TVA to retire eight coal-fired units at three of its power plants
Originally published November 18, 2013
The Tennessee Valley Authority's board of directors on Nov. 14 approved a plan to retire eight coal-fired units at three of its major power plants in Alabama and Kentucky.
TVA said it was taking the action "to further diversify TVA’s power generating mix to keep pace with changing economic and regulatory conditions, and in keeping with TVA’s commitment to keep electric rates low and reliability high."
The utility will retire more than 3,000 MW of coal-fired generating capacity. A number of these units were already idled or scheduled for idling and/or retirement based on an agreement with the Environmental Protection Agency, TVA noted.
The retirements affect all five coal units at the Colbert Fossil Plant in Tuscumbia, Ala.; one of two operating coal units at Widows Creek Fossil Plant in Stevenson, Ala.; and two of three coal units at the Paradise Fossil Plant near Central City, Ky.
Paradise Unit 3, one of TVA’s largest coal units, will continue to operate.
TVA must respond immediately to challenging trends in lower power demand, a slow economy, uncertainty in commodity pricing, and tougher environmental requirements, particularly on air emissions, said TVA President and CEO Bill Johnson.
"This will support our focus on cleaner energy and bring additional, necessary balance into our portfolio for managing our current and projected load profile," Johnson told the board.
TVA said it conducted detailed analyses, including an environmental assessment, to review options for meeting stricter air quality regulations at the Paradise plant. Those options included installing additional emission controls on Units 1 and 2, building a new gas-fired generating plant at the site or taking no action.
Based on that review, the board approved the construction of a $1 billion gas-fired plant at the Paradise site. The two coal units at the site will be retired when the gas plant is available, TVA said.
The utility said the new plan does not affect TVA's 2014 budget and it moves the federal utility toward a more balanced generation fleet of about 40 percent nuclear, 20 percent coal, 20 percent natural gas and 20 percent hydro, renewables and energy efficiency.
"This more diversified portfolio will help TVA manage load growth and provide maximum flexibility," and is consistent with the range of options analyzed in the utility’s 2011 integrated resource plan, which is being updated now, TVA said.
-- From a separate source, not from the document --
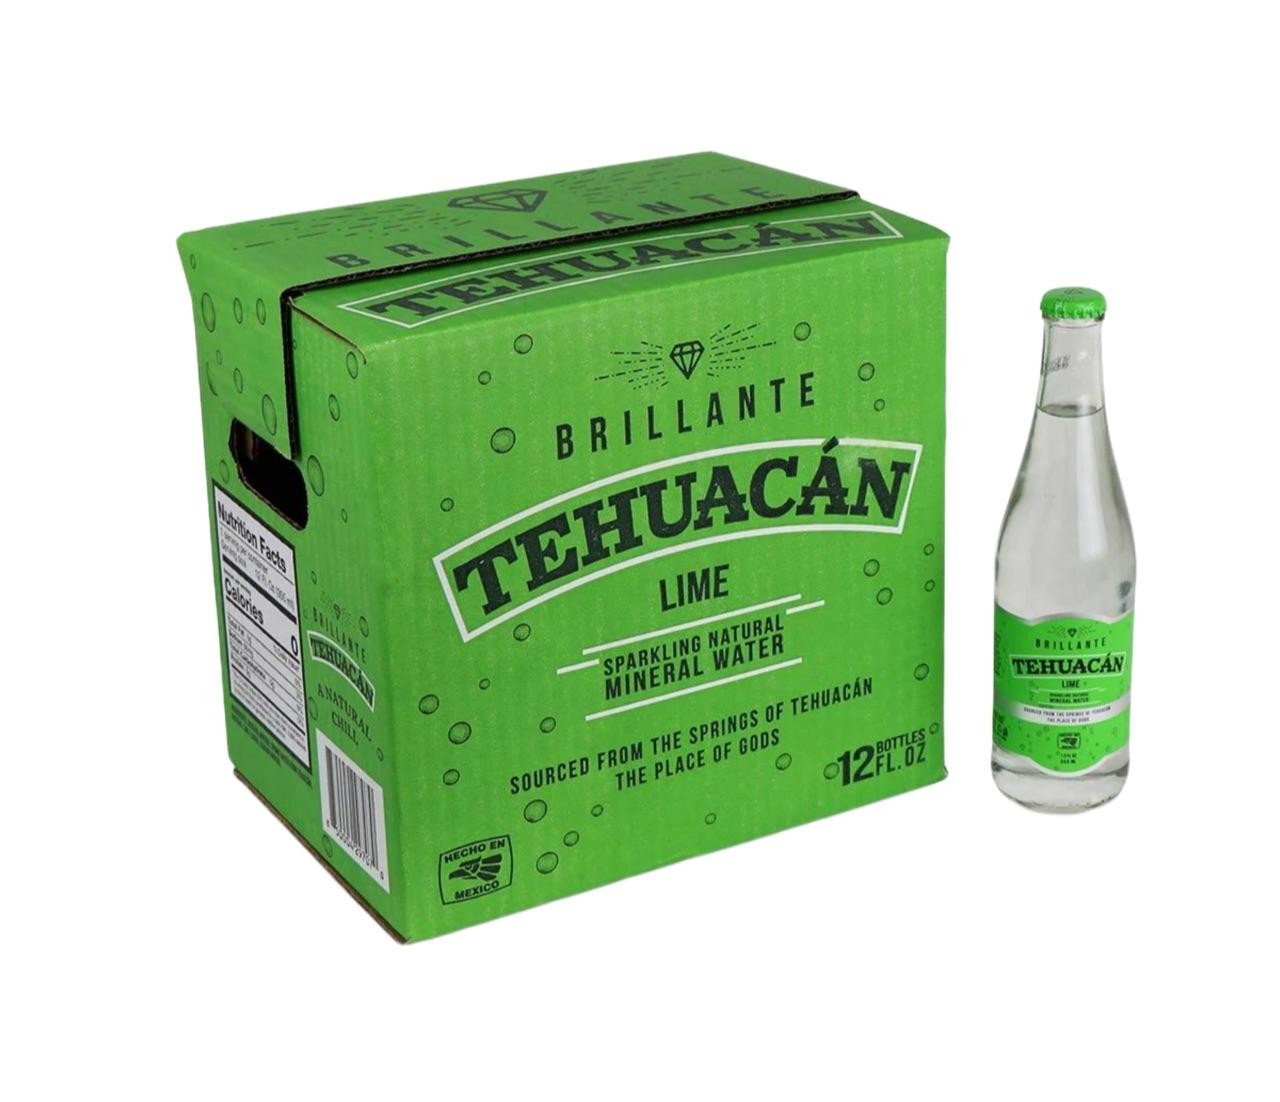 Tehuacan Brillante Mineral Water with Lime (12 oz)

"These were difficult recommendations to make, as they directly impact our employees and communities," Johnson said. "But the plan is what’s best in terms of its positive impact on TVA’s rates, debt and the environment," and will bring the greatest benefit to the people of the Tennessee Valley, he said.
The board delegated authority to Johnson to establish a schedule for the coal unit retirements.
Environmental groups, including the Sierra Club, Southern Environmental Law Center, Earthjustice and the Southern Allilance for Clean Energy, immediately applauded TVA's plan to retire the coal-fired units.
"Today's announcement by TVA made clear that, as one of the largest utilities in the country, it is ready to back away even further from the use of dirty, outdated coal for electricity," the Sierra Club said.
"There is a demonstrated link between pollution and asthma in children," said Tiffany Schauer, exeuctive director of Our Children's Earth Foundation. Families in Alabama, Kentucky, North Carolina and Tennessee "can breathe a little easier" as a result of the TVA board's decision, she said.